Well, the majority of it is going to be -- is what's in our base plan. And then the next layers of it will be what comes about through just normal business. It's just such that our normal business includes some significant potential load, as it were. It's if they're industrial customers as opposed to the residential customers and industrial customers of size. So a lot of that, while it's in MISO and there's a planning process when it becomes part of the plan, it's not -- in the realm of outcome, I don't think it's significantly different than what we have in general and have traditionally had. We just might have an opportunity bigger than the $1.7 billion. And then, as it relates to the process, once we start to move in over the next few years with the Multi-Value Projects, NEP projects, the more FERC Order 1000 things, then we'll have to compete in that arena, and we would expect so to do so and to be successful.

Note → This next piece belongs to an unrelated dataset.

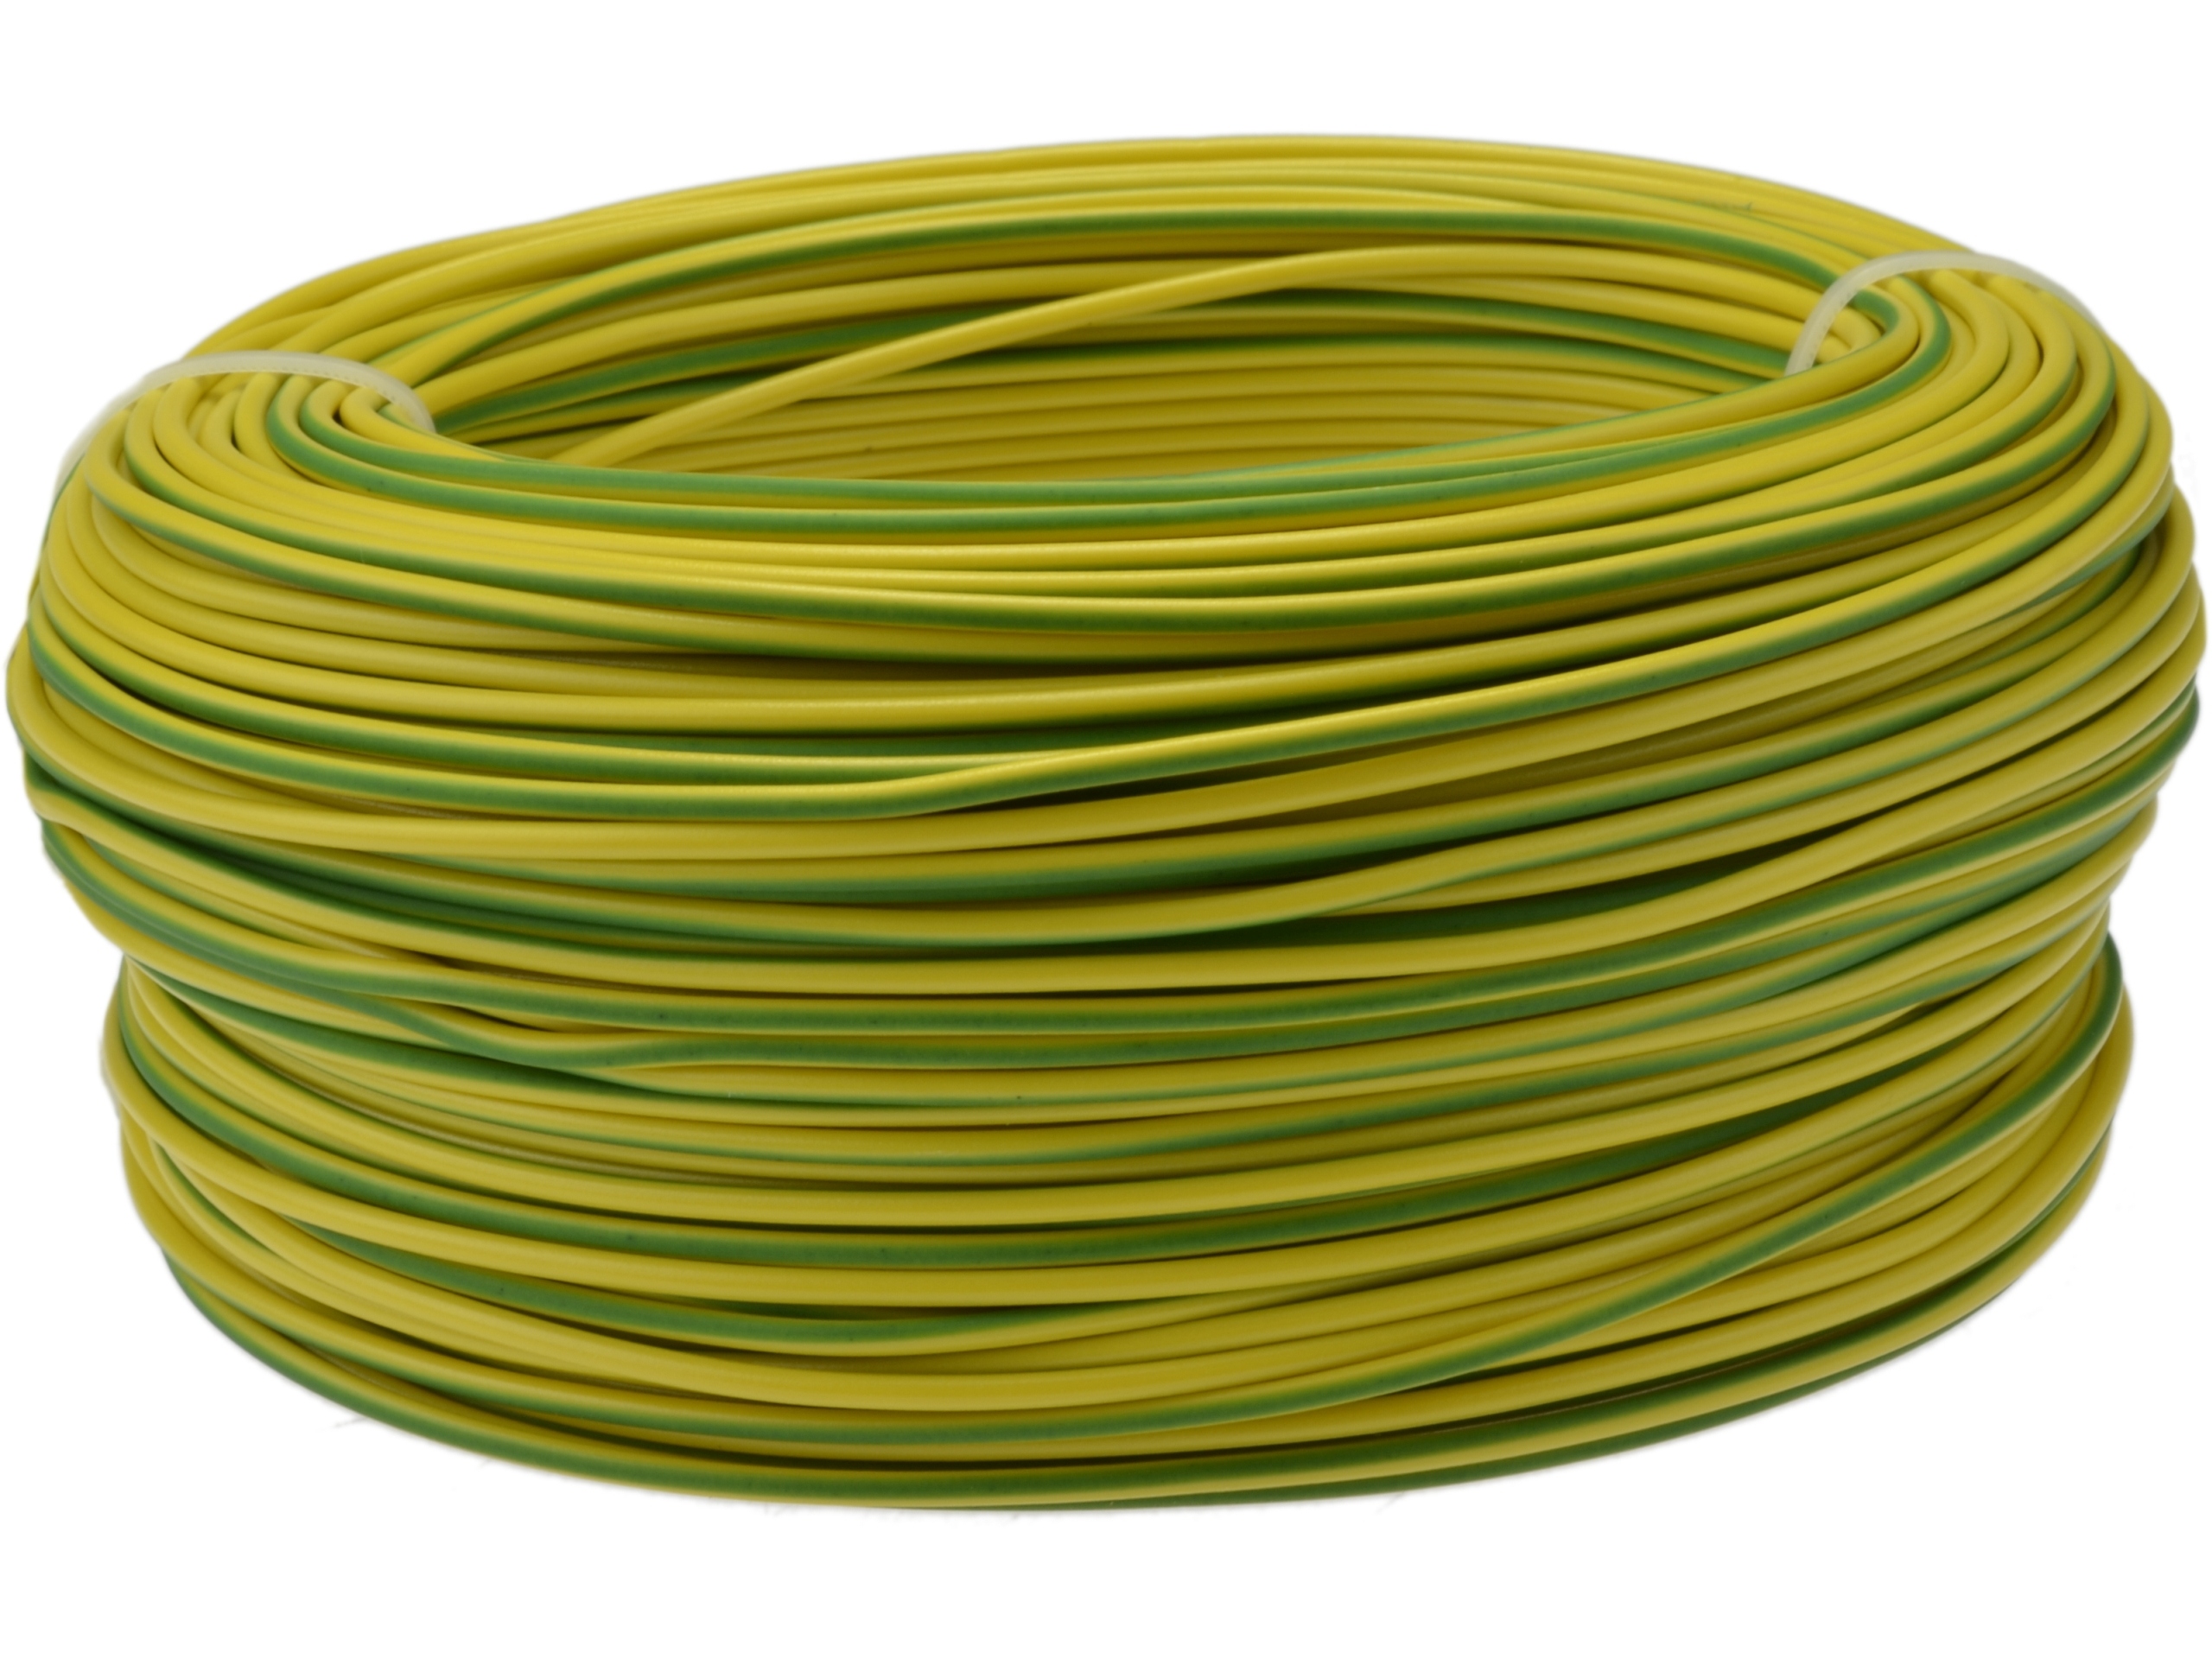 Установочные провода изоляция. Кабель заземления (желто-зеленый), 16mm2 h07z1-k. Провод h07v-k 50 кв.мм, зелено-желтый, ту16.к01-46-2004. Провод заземления 4мм2 желто-зеленый. H07v-k провод монтажный 4,0 кв.мм. Желто/зел.(уп-100м).

Stephen Byrd - Morgan Stanley, Research Division

Analyst · Morgan Stanley

Okay, great. And I wanted to shift gears over to Indian Point. You had, on Slide 28, given an update on the status. I wondered, on the Coastal Zone Management paths, if you could just speak to next steps we should be looking for. You gave an update on sort of all 3 elements of the coastal zone process, but I wondered if you could just give us a sense for what -- next steps on those different paths.

Leo P. Denault

Analyst · Morgan Stanley

Yes. Stephen, a couple of things here. So first is the consistency filing itself, well, has been extended to the end of 2014. That's simply due to the need for the parties to work together, share more information, further vet issues. So we really -- so that was previously set for March and was moved back to the end of the year. As it relates to our other option on grandfathering, I think you're well aware of the fact we lost the initial decision on that. We are in the process of appealing that decision to the state courts. And we may have further appeals depending on the outcome of that case. That will probably take us through the end of 2014 as well. And then, of course, we have the previous review argument, which is kind of held in the background as another option that the NRC has not yet ruled on and is also being considered by the state of New York. So we think, through all these various processes, that this will go on for a period of time. And eventually, we plan to be successful with it, but obviously, a lot of uncertainty now with the various cases that are ongoing.

Operator

Operator

Our next question comes from Steven Fleishman with Wolfe Research.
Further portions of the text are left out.